Her: What do you notice that’s different about me?
Me: I’ll just sleep on the sofa, see you in the morning.
Whenever people announce “I’m marrying my best friend” for a second I always think “oh shit what about your boyfriend, he seemed so nice”.
Coffee so hot I give it my real phone number.
Meanwhile at the Maternity Ward…
wife: Why is your back all scratched up?
[flashback to me chasing a raccoon after she told me to leave it alone]
me: I’m having an affair
For the love of God, if you leave me a voicemail, don’t just say “Call me back.” Tell me what it’s in regards to so I can prepare my defense
my favorite childhood memory is fast metabolism
“If you gaze long into a bisque, the bisque also gazes into you.” – Philosophical soup kitchen chef
I hate when I forget to shave then people assume I’m a hippy and start talking about recycling.
Someone told me once you can’t keep complaining about something if you’re not gonna do anything about it. But I’ve found that you can, pretty easily.
DATE: so this is my dad and this is his porcelain cat collection
ME: wow, I feel like I’m in a
DATE: no
ME: mewseum
DAD: *nods his approval*
I wonder how police on bikes arrest people.
“Alright get in the basket.“
What are you hiding in your locked instagram? sandwiches? Sunsets???? let us see your nephew!!!!
date: what are you thinking about
me: fall should be spelled fa//
date:
me:
date: fell should be spelled fe_ _
*we kiss*
A few years back a guy in law school asked me how much for a foot massage and being the idiot I am, thought he was asking how much I paid for reflexology so I said “I pay $50 plus a tip but my guy is booked for the next 3 months” and he didn’t talk to me again until 2L year
The art of conversation, otherwise known as two or more people each awaiting their chance to interrupt.
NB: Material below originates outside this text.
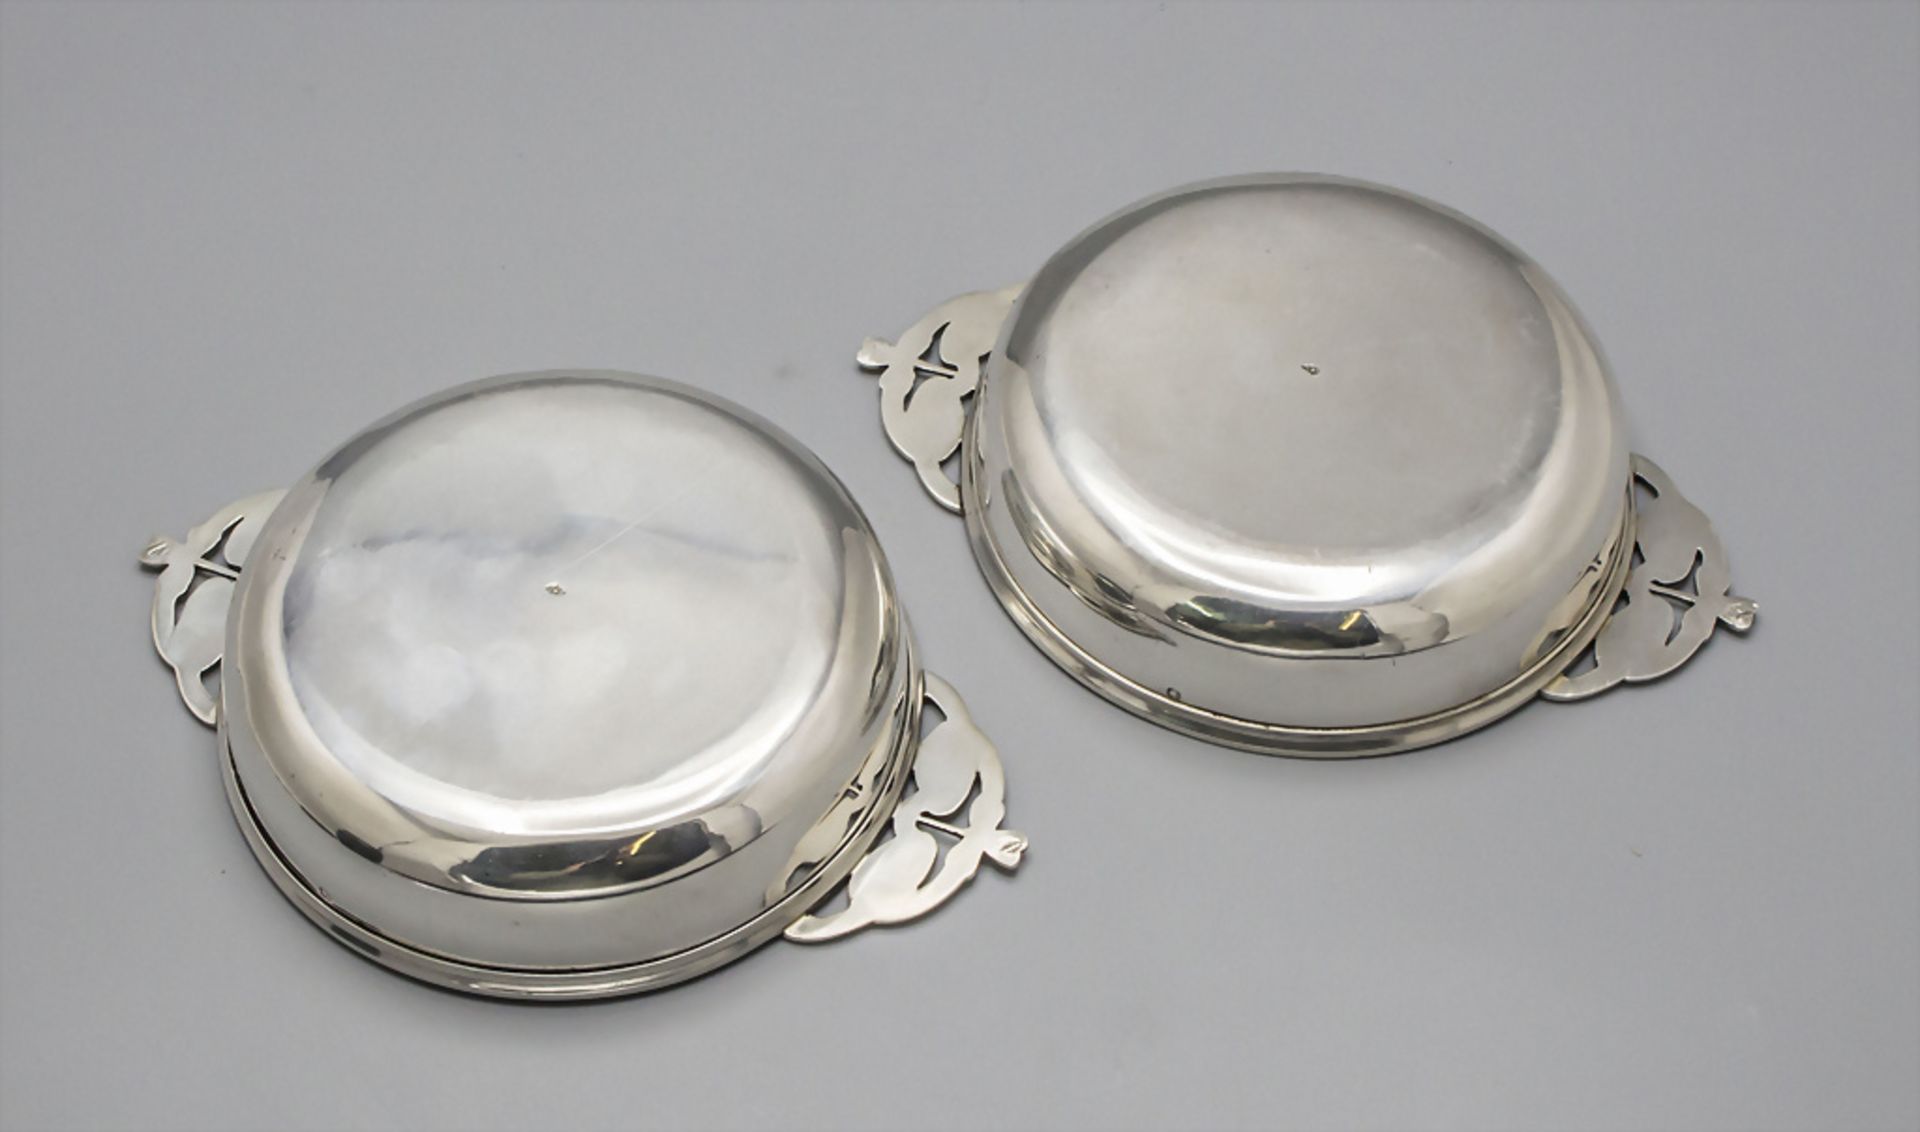 Paar Jugendstil Silberschalen mit Handhaben / Two Art Nouveau silver bowls with handles, ... - Bild 3 aus 7

Melted butter is an essential oil, right?…..right??
My heart says curly fries but my BMI is suggesting salad.
I have poor night vision so I upgraded to LED headlights because it’s important to me to ensure nobody else can see either.
Her: Look, I made a huge mistake hooking up with you, OK? I love my boyfriend.
Me: Yea, I could really sense that when you were taking my belt off with your teeth…
The thin membrane under the shell of a boiled egg is what’s left of the rooster’s broken condom, and that was my Dad’s sex talk. I’ll always remember that Easter.
If I had a time machine I’d probably go back and kill Hitler but I’d definitely stop on the way to object at my wedding.
I don’t wish my ex-husband ill. I just hope he can’t ever find a parking spot and that his food is never quite the right temperature.
producer [at a stuntman’s funeral]: he died for our scenes.
Girl, yo grammatical atrocities so huge, you need typosuction.
Labreador
An obese old man who breaks into your house at night? A tiny flying woman who buys your dead teeth? It’s a wonder children can sleep at all.